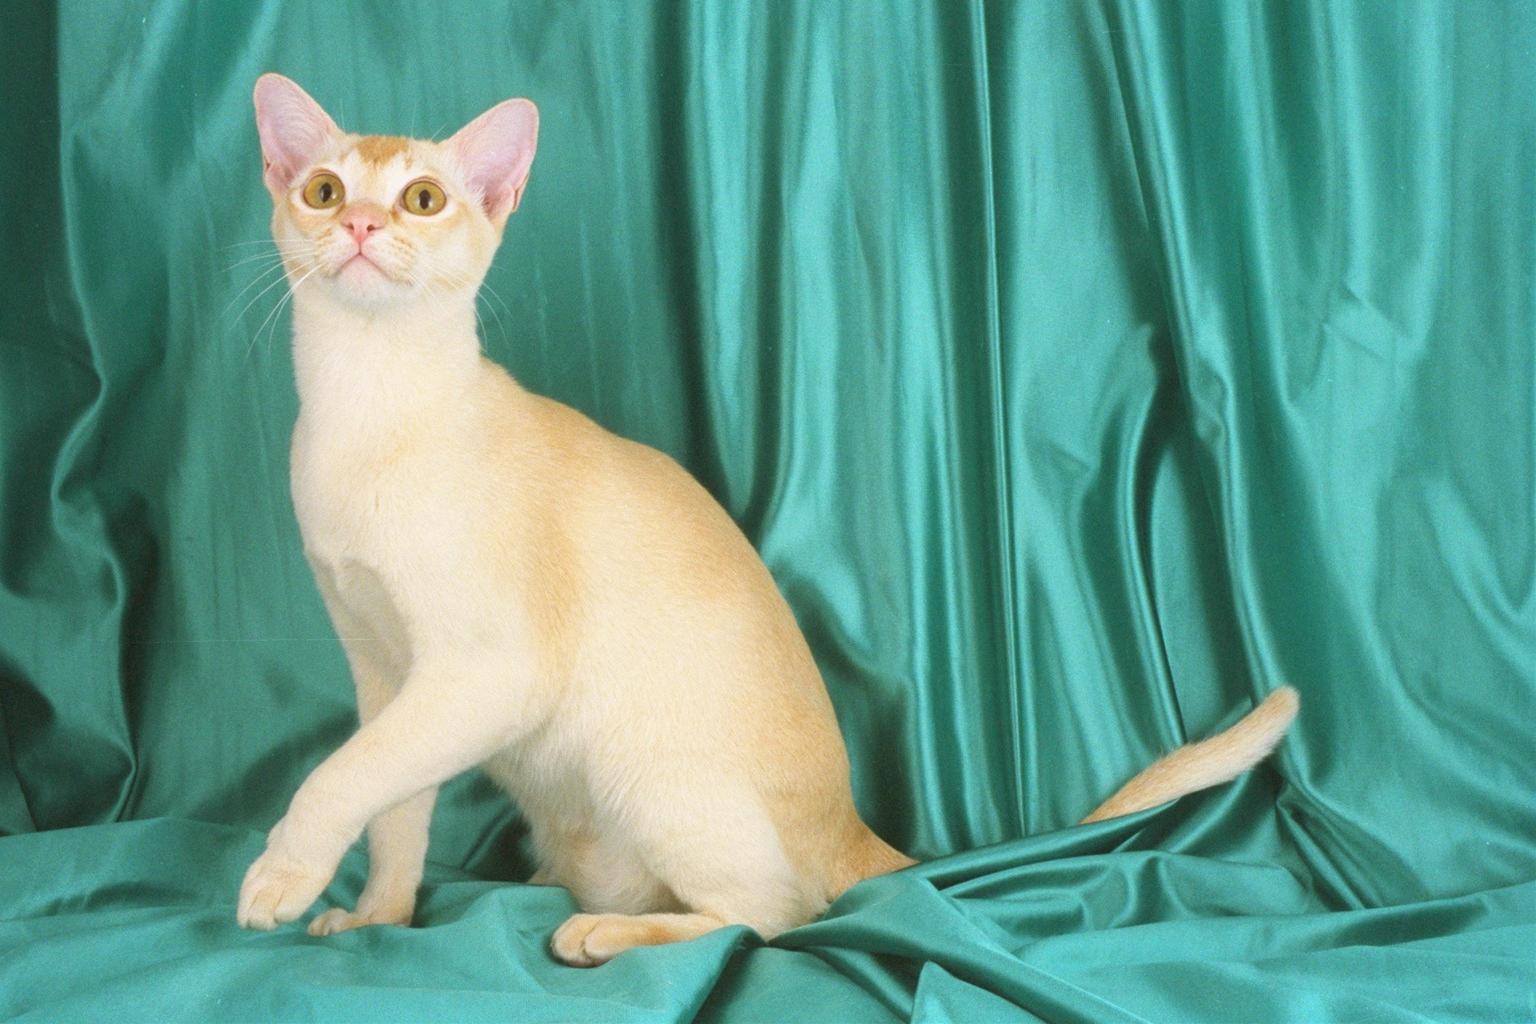 かわいい猫画像No.9「猫−バーミーズの壁紙画像「しなやかな身体・緑のカーテン」」
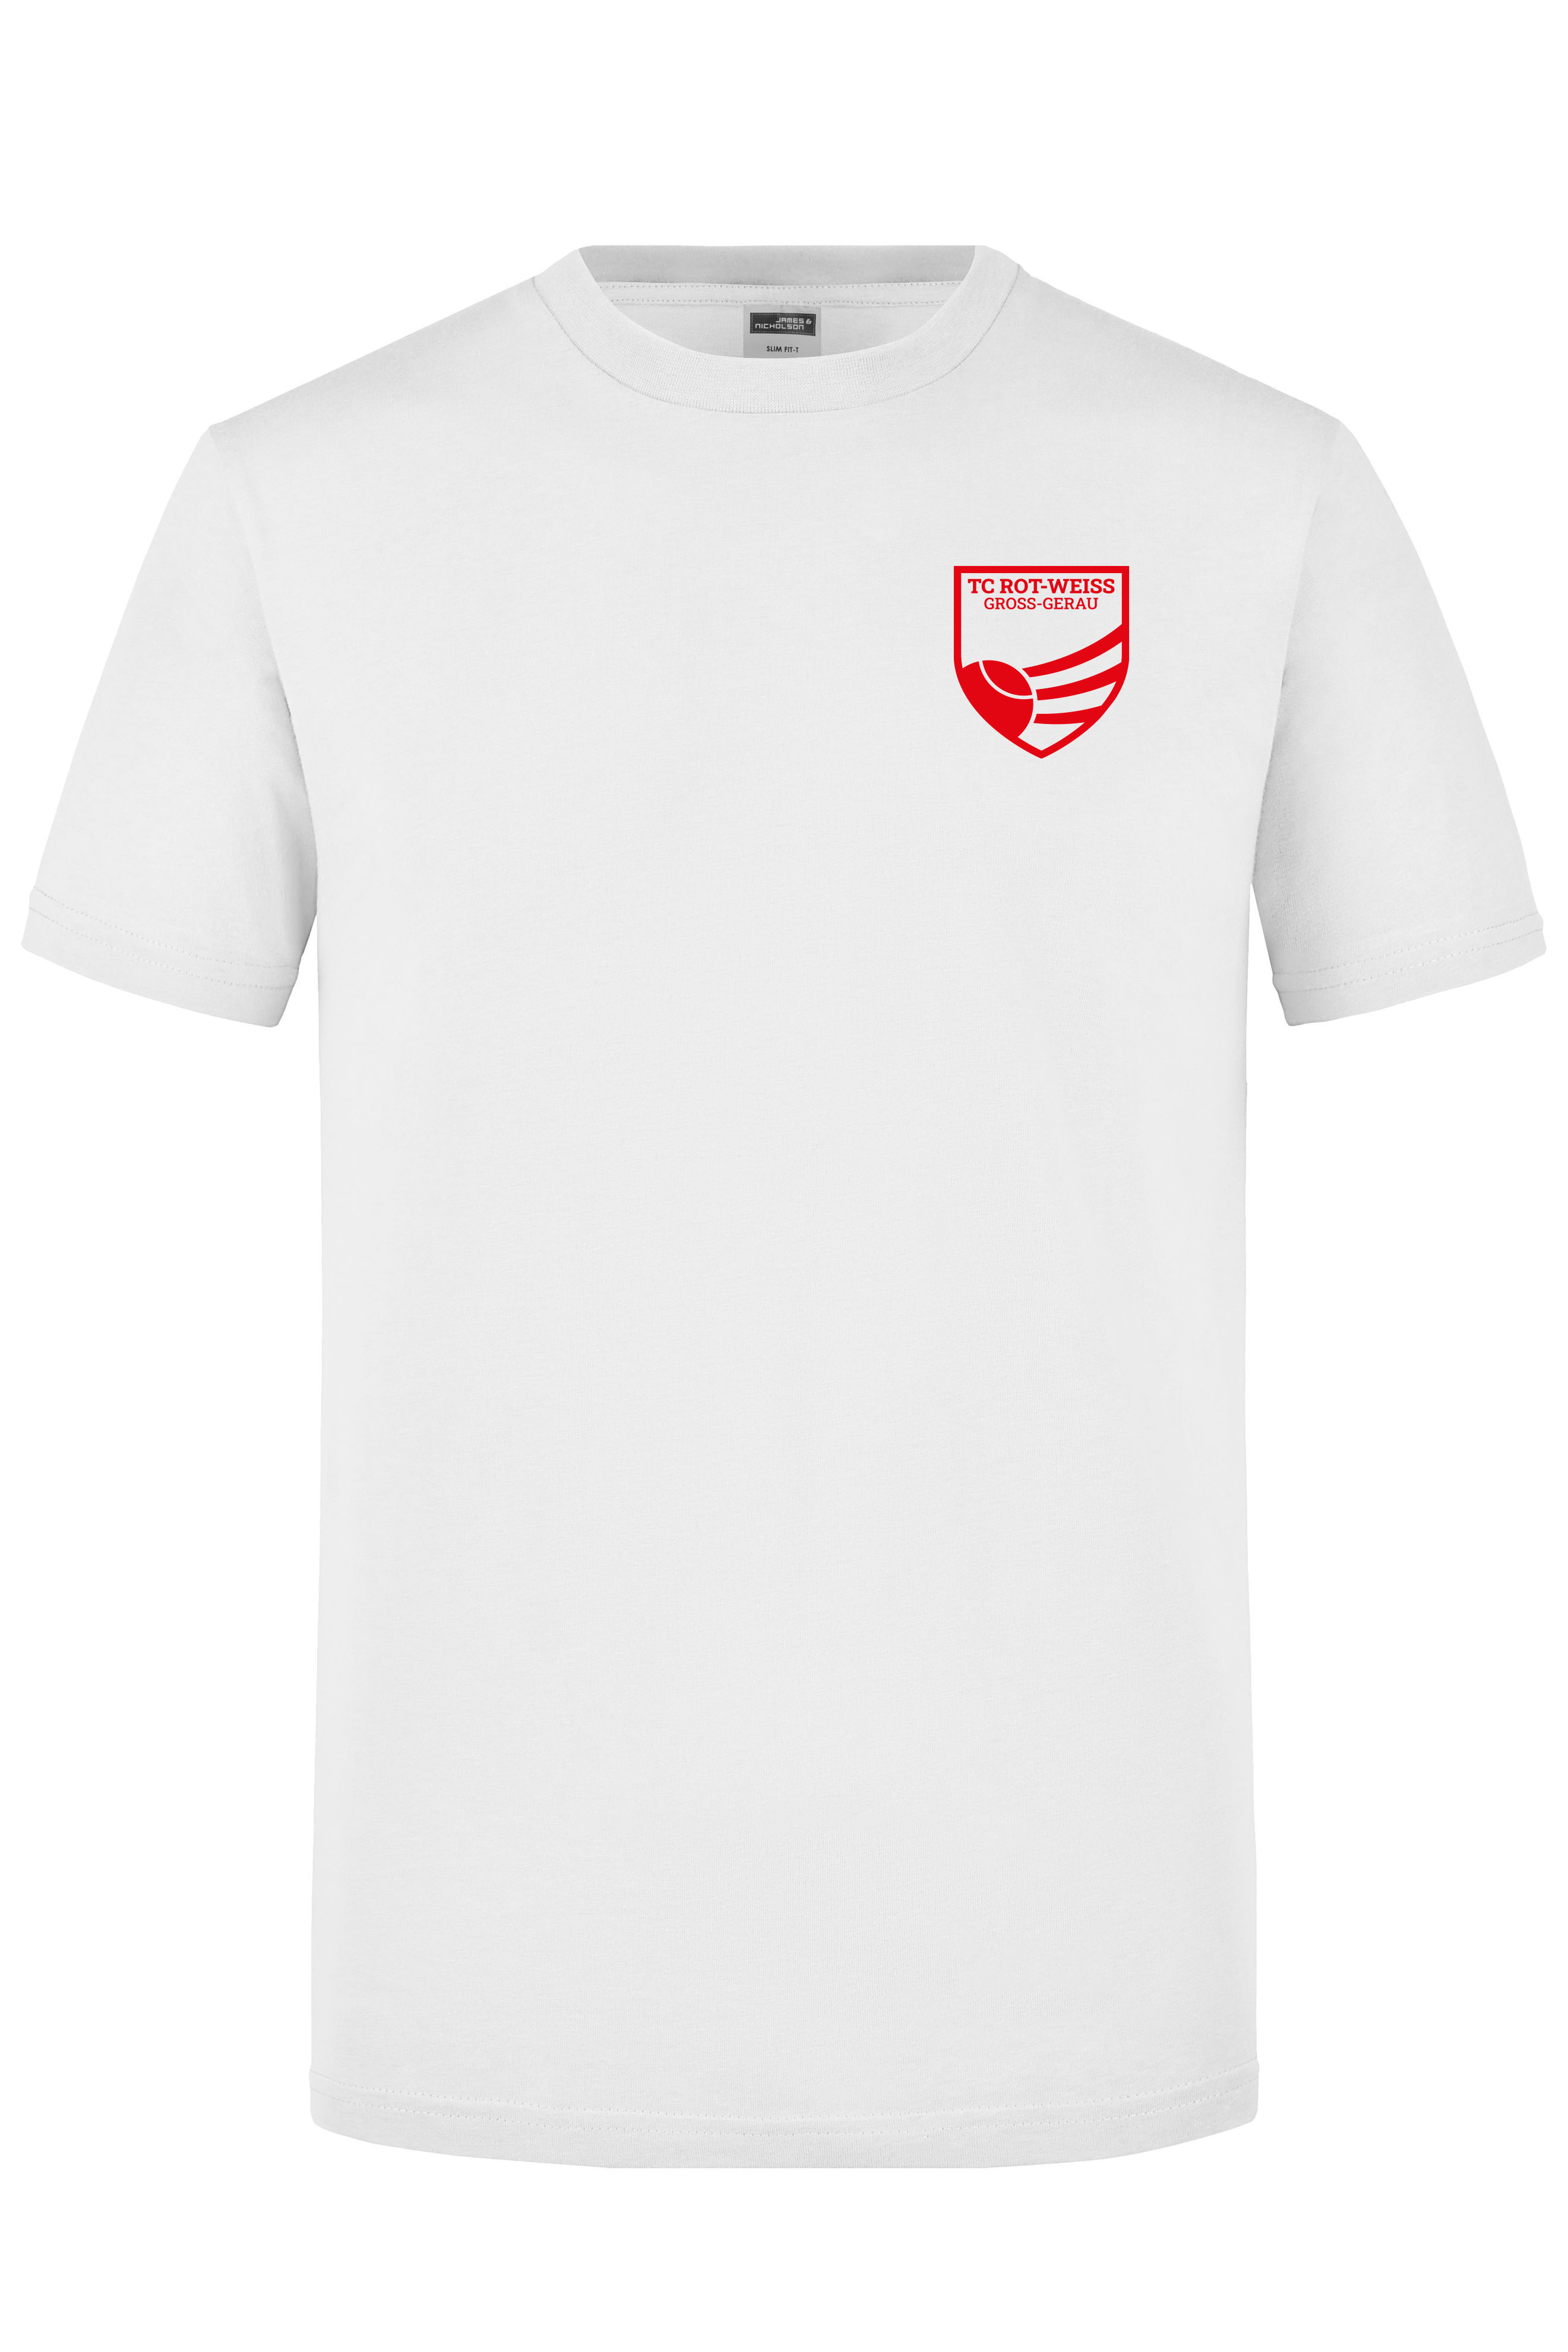 TC Rot-Weiss T-Shirt weiss
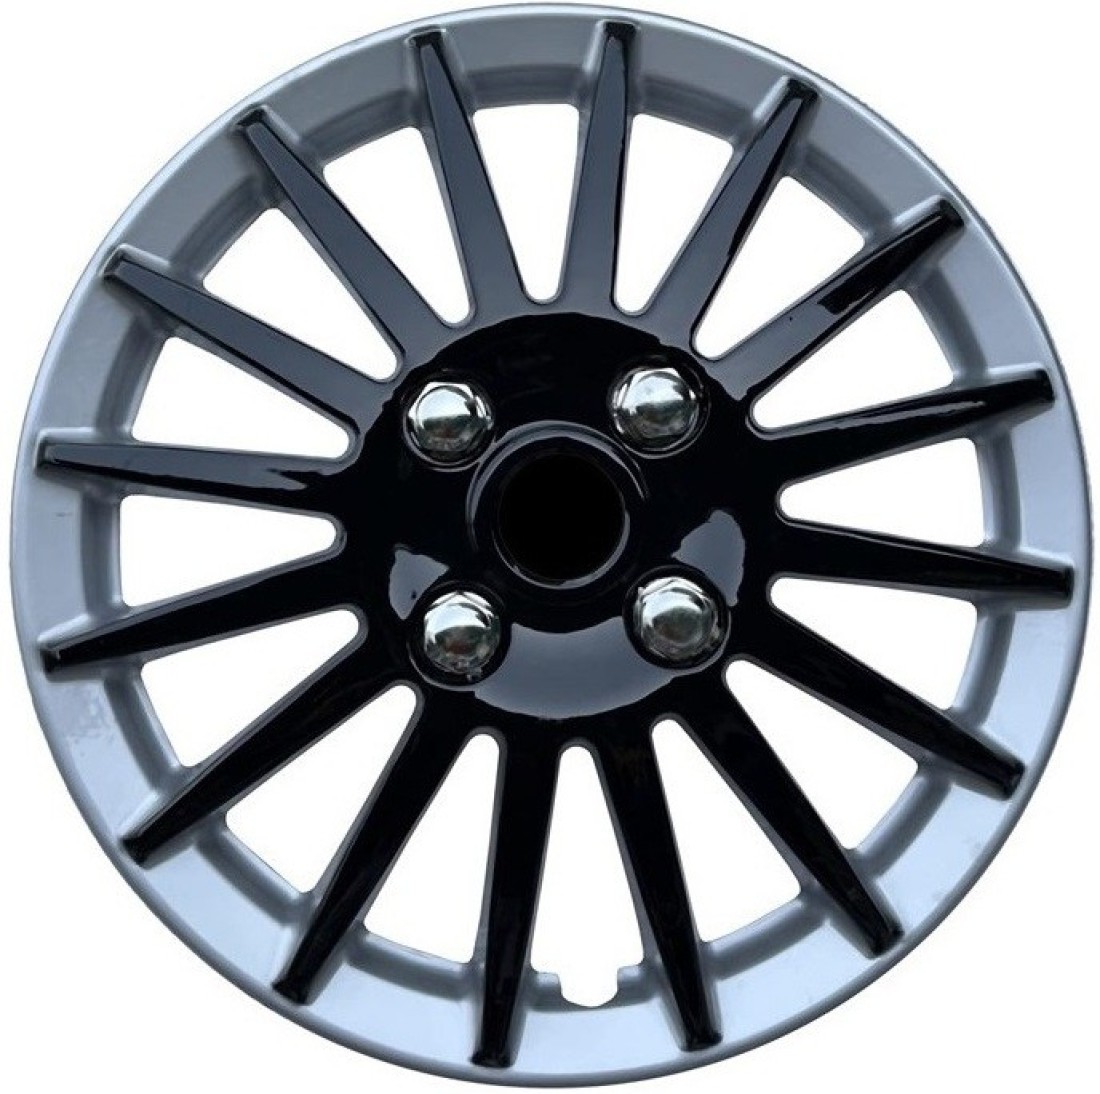 HUDMOZ TIGOR 14 Inches CMRDC-B Wheel Caps / Hubcaps Wheel Cover For Tata  Tigor Price in India - Buy HUDMOZ TIGOR 14 Inches CMRDC-B Wheel Caps / Hubcaps  Wheel Cover For Tata
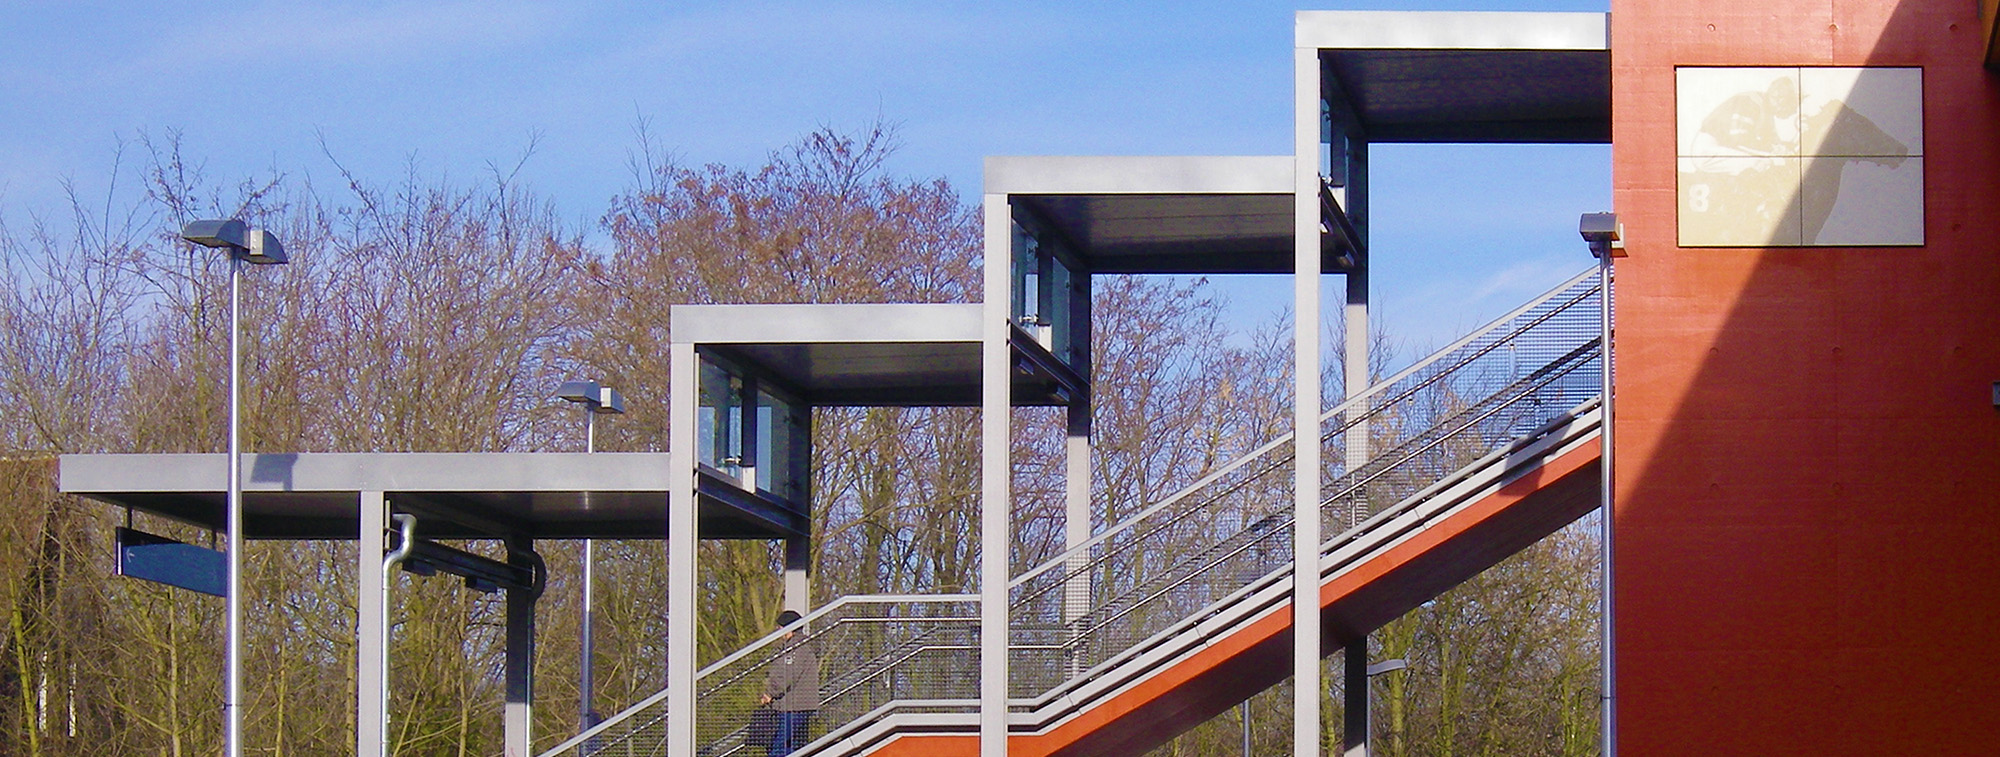 Die Treppe zum S-Bahnsteig mit dem symbolhaften Bezug zur nahe gelegenen Galopprennbahn
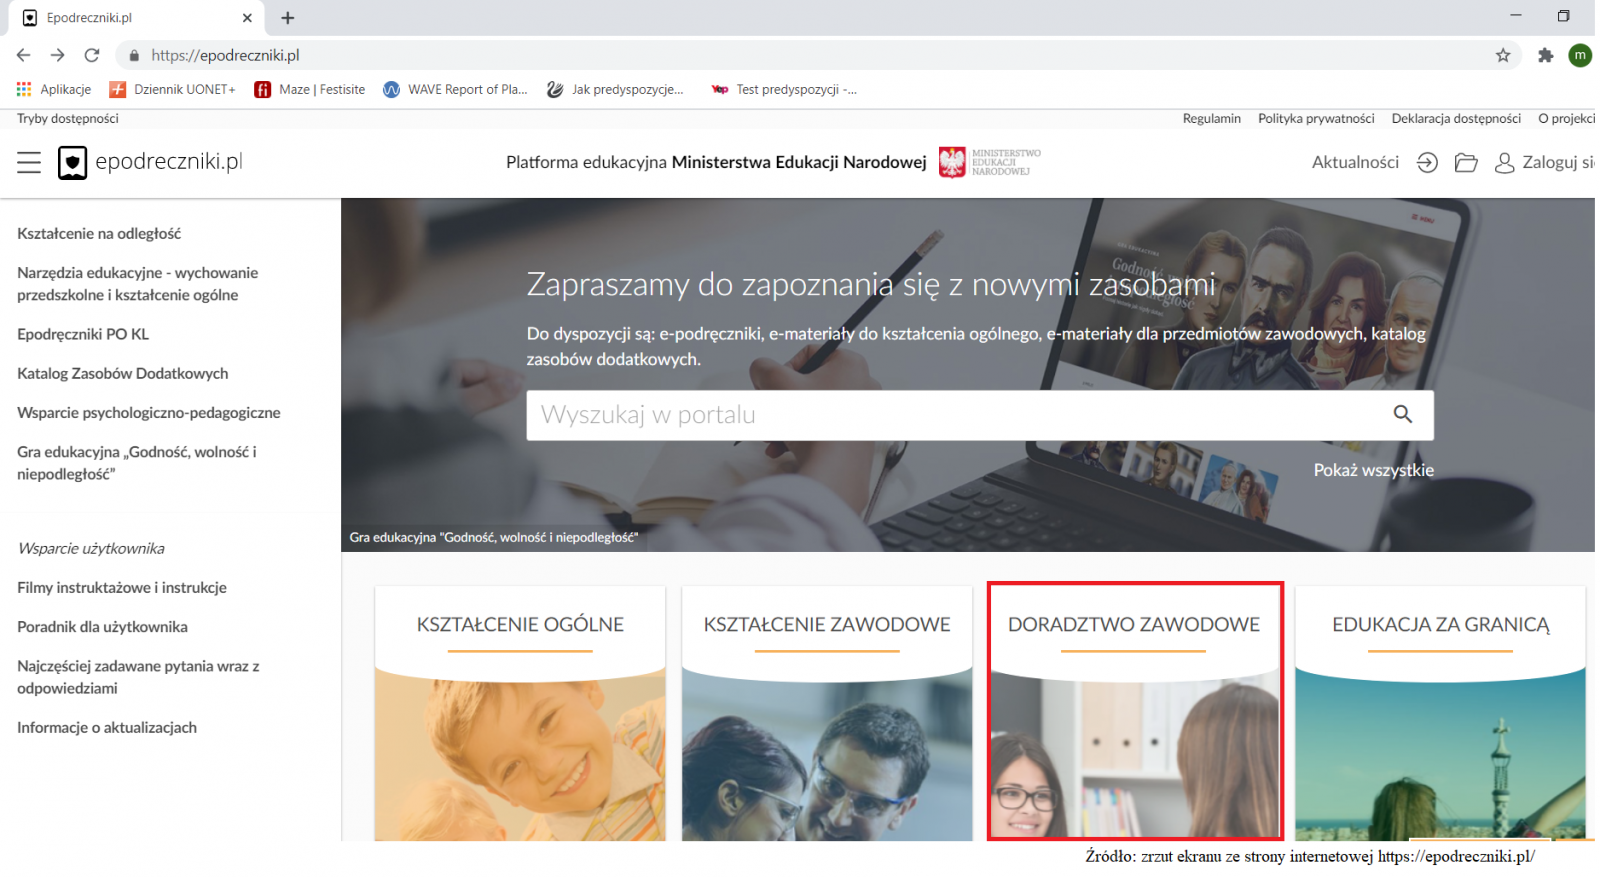 Zrzut ekranu strony głównej epodreczniki.pl Platformy edukacyjnej Ministerstwa Edukacji Narodowej z zaznaczonym w czerwona ramkę kaflem DORADZTWO ZAWODOWE

——

- [TASK REQUIREMENTS]
Exclude the pictures, and output exactly the lines from the one with "Die Treppe zum" through the last line of the records, both included.

- [SOLUTION FOR THIS EXERCISE]
 Die Treppe zum S-Bahnsteig mit dem symbolhaften Bezug zur nahe gelegenen Galopprennbahn
 Zrzut ekranu strony głównej epodreczniki.pl Platformy edukacyjnej Ministerstwa Edukacji Narodowej z zaznaczonym w czerwona ramkę kaflem DORADZTWO ZAWODOWE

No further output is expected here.